I was so thrilled with this, that after returning home to California, I wrote up one of my first academic articles about installing the water system of Ban Nam Jom. The journal Water International was so thrilled with it that they actually published it—one of my very first publications.
Anyway, earlier this year I returned to Phrae, and of course wanted to re-visit the sites of my Peace Corp glory. This was made easier because last year, using contacts I made while a Peace Corps Volunteer in 1980-1982, my daughter began teaching English at one of the schools in Phare. So I was able to borrow her pink scooter, and jamming a helmet on my head which was two sizes too small. The results of my Peace Corps edifice survey.
–Steve/Kevin’s bridge is gone! I asked around about it, and it was only vaguely remembered. When I went to the site of the bridge, I saw a brand new bridge. (Well, really not brand new, it is probably 20 years old.) As for the towers of the “Golden Gate Bridge of Phrae,” only one is still there, and it is covered with vines. The locals don’t even notice it any more. Steve/Kevin has been returned to anonymity.
–I couldn’t find the malaria office where I worked for two years next to the DDT boxes. I think a row of businesses have been built on the parcel, but I couldn’t recognize which building it was, and these buidlings now look “old.” (Presumably they have very few mosquitoes though, the result of DDT’s long half life).

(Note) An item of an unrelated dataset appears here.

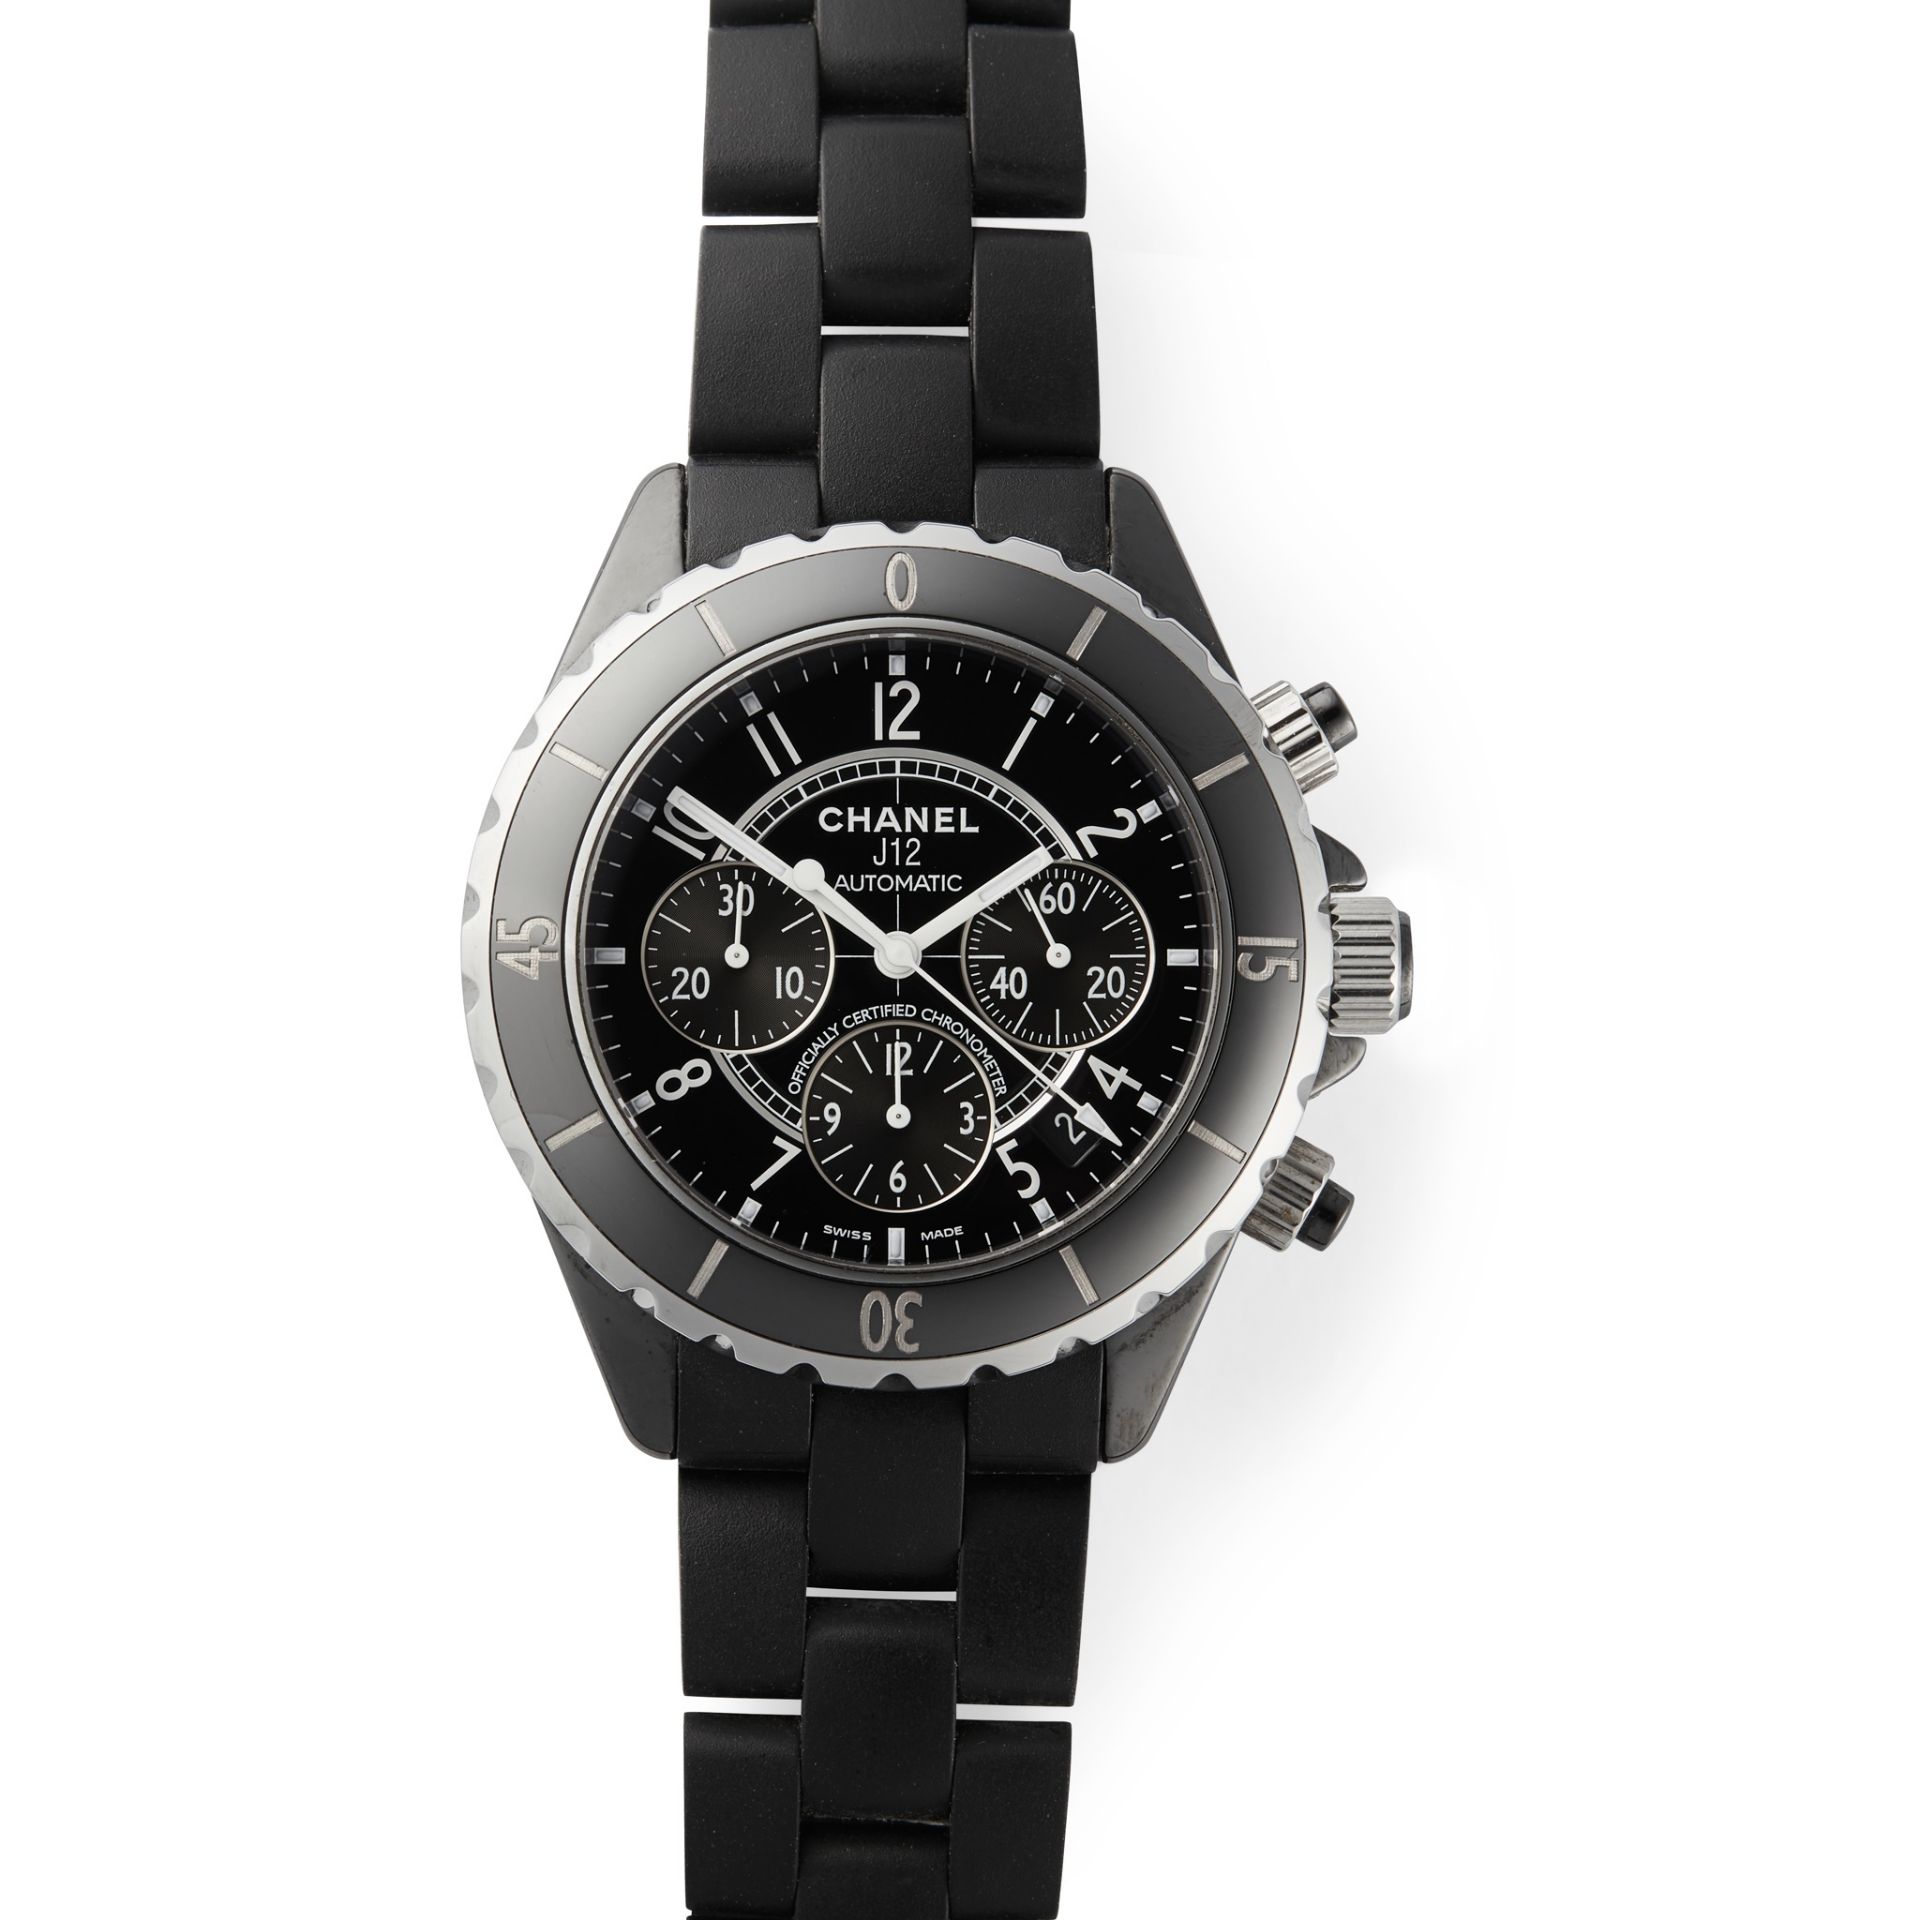 Chanel: A gentleman's chronograph wrist watch

–A small hotel was built on top of where my house used to be—in fact it was finished just last year. I asked the family who owns the hotel what had happened to “my” house, and was told that they bought up the buildings, and knocked them down. They also mentioned that everyone was really happy about that because the houses were used for drug dealing, whiskey brewing, and who knows what else.
–I’ve kept in touch over the years with the ladies in the market who helped me learn to speak Thai. They’ve moved their shop across the street, but still settle noodles, as indeed the have for the last 35 or 40 years. They are still there selling noodles—it is the best Pad Thai in the world—if you want a referral, let me know. They are now teaching my 24 year old daughter Thai, too.
–We went out to find Nam Jom, and were told that it was no more—what was left of the village had been merged with a larger village. Ban Nam Jom is now in the middle of a national park, and depopulated—there were only a few houses left. The government has cracked down on illegal lumbering, so the work elephants are all gone. (Maybe if they are lucky, they will get the wild elephant population back!). No idea what happened to “my “ water system.
And so life goes on. What really remains are the relationships, and I suppose the fact that people in “my” Peace Corps town of Phrae continue to do more for me and my daughter, than I did for them. I seem to remember that somewhere in our training we were told that this would be the case—that the real edifice are in the relationships built. For the rest—it is all dust! Even for the engineers like Steve/Kevin.